| Input |
──────────

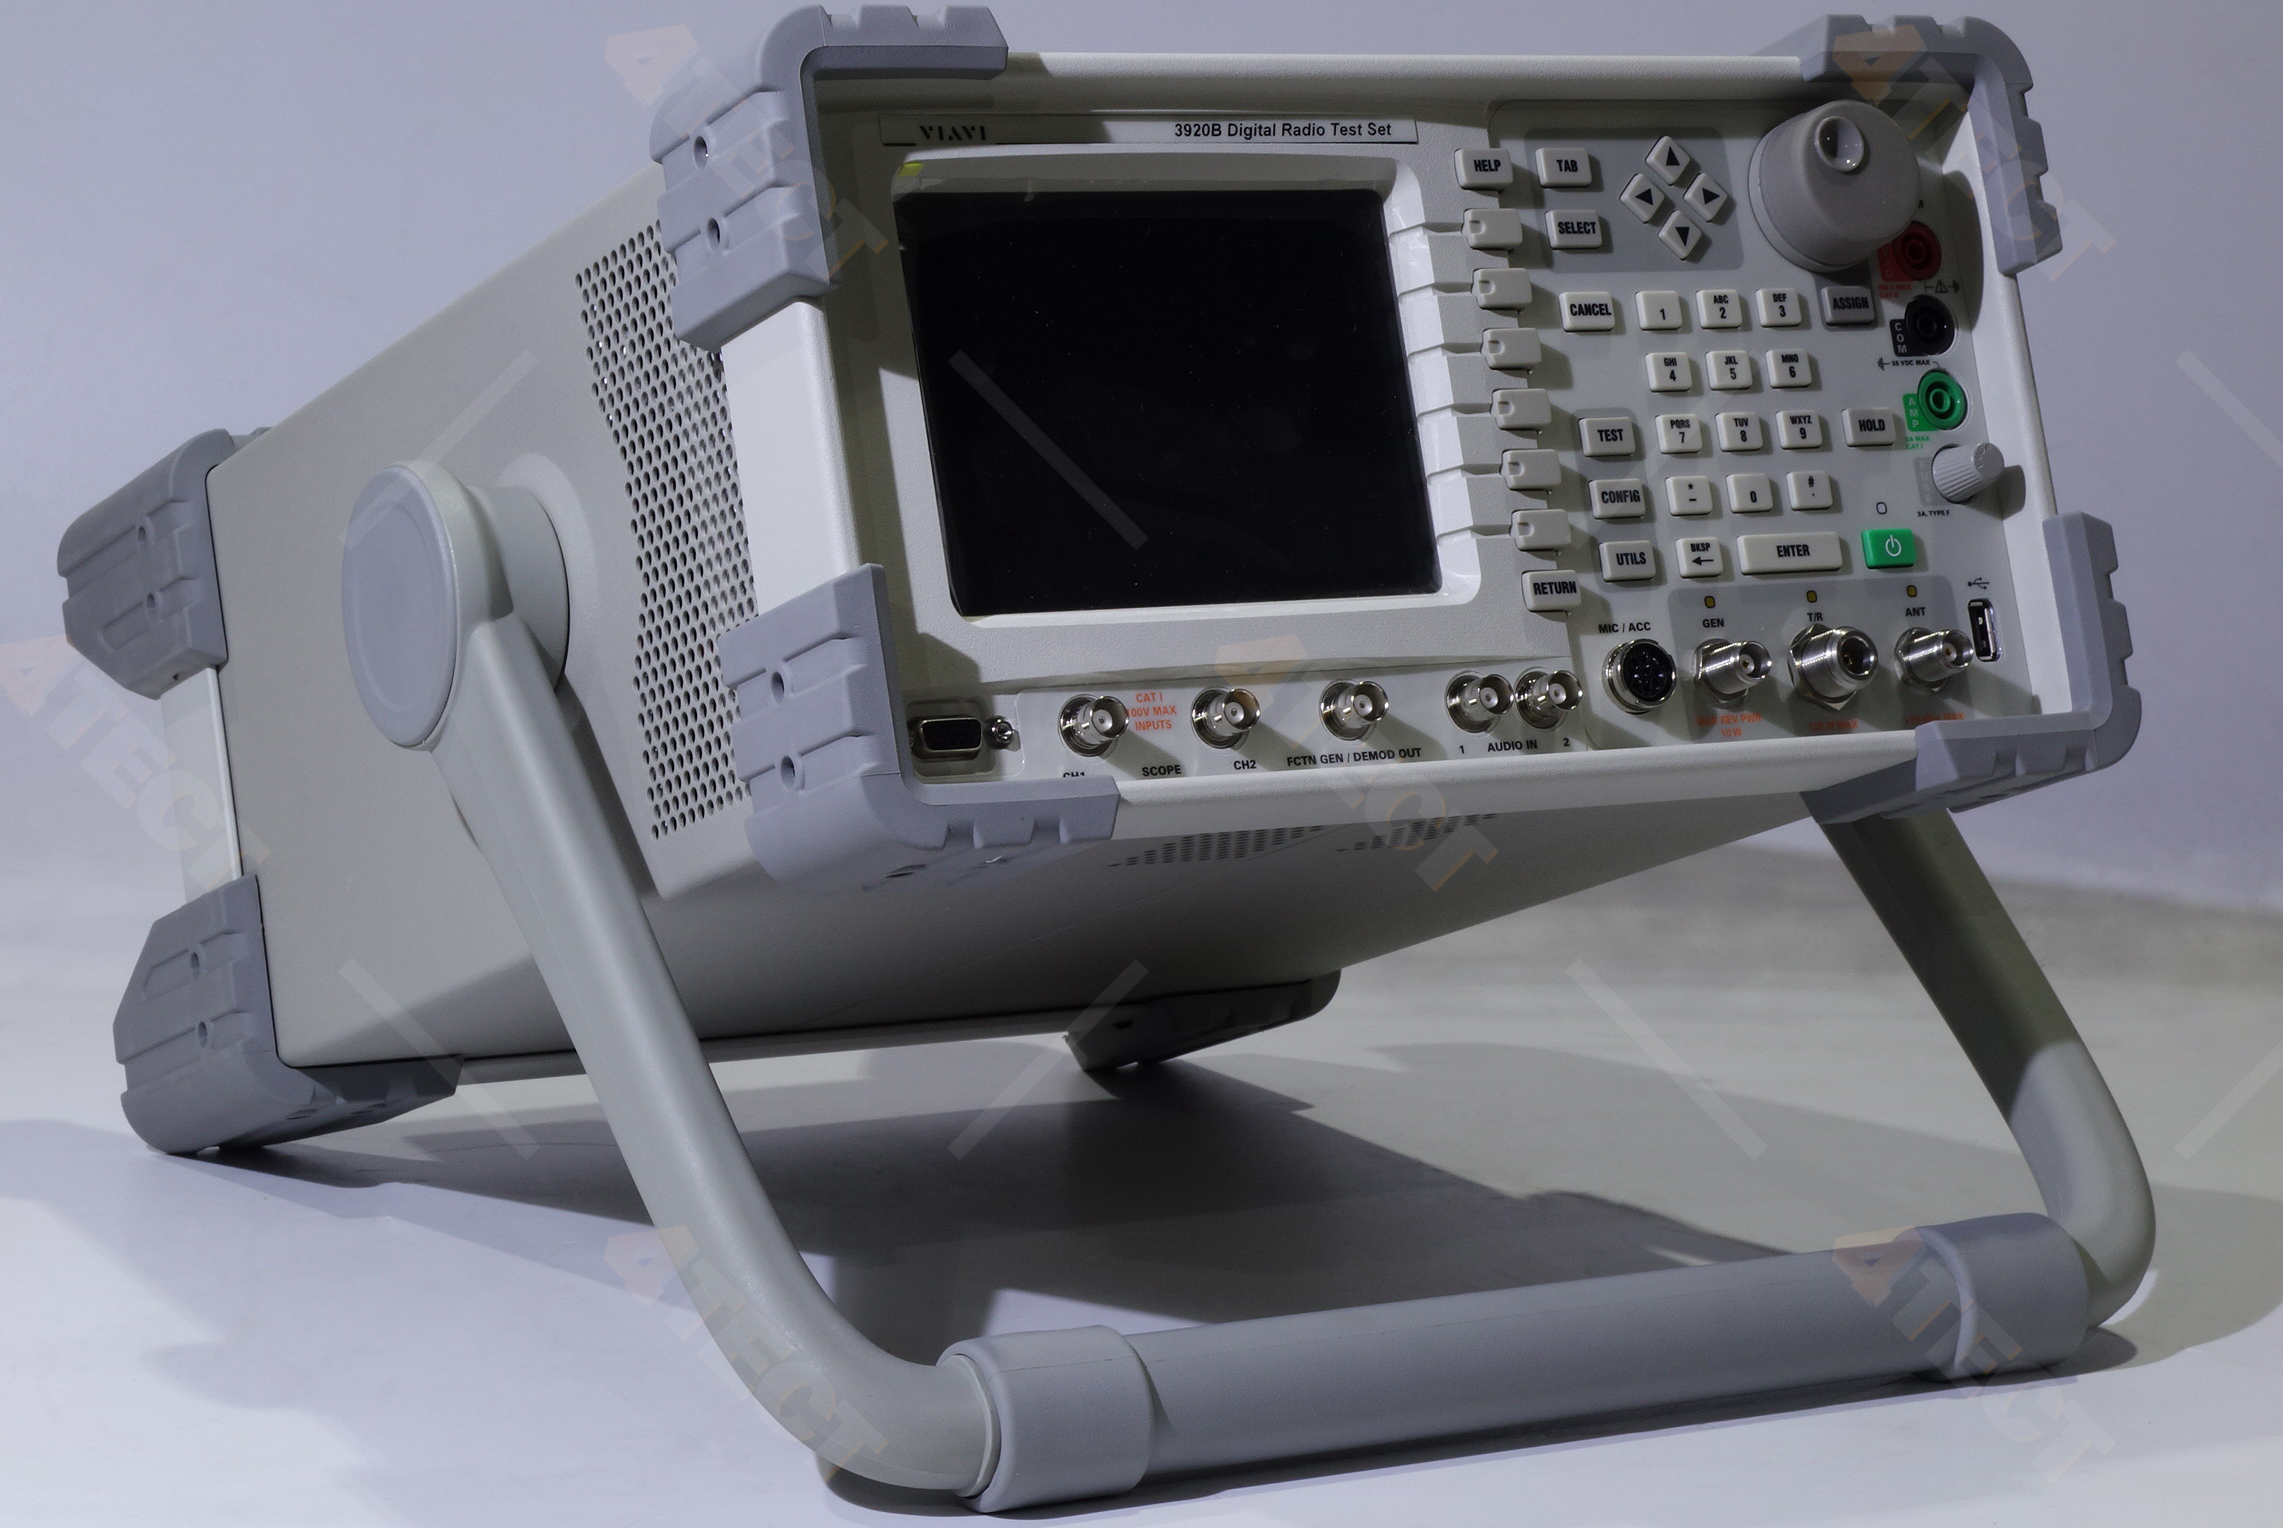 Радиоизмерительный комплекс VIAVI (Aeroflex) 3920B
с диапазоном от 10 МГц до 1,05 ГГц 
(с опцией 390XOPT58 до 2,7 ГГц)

──────────

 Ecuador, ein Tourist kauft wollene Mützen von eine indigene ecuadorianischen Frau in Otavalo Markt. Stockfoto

──────────

| Exercise requirements |
Among the lines above, the one with "Радиоизмерительный комплекс VIAVI" opens the part to repeat and the one with "(с опцией 390XOPT58 до 2,7 ГГц)" closes it; repeat only that part exactly, with no pictures.

| Answer to this problem |
 Радиоизмерительный комплекс VIAVI (Aeroflex) 3920B
с диапазоном от 10 МГц до 1,05 ГГц 
(с опцией 390XOPT58 до 2,7 ГГц)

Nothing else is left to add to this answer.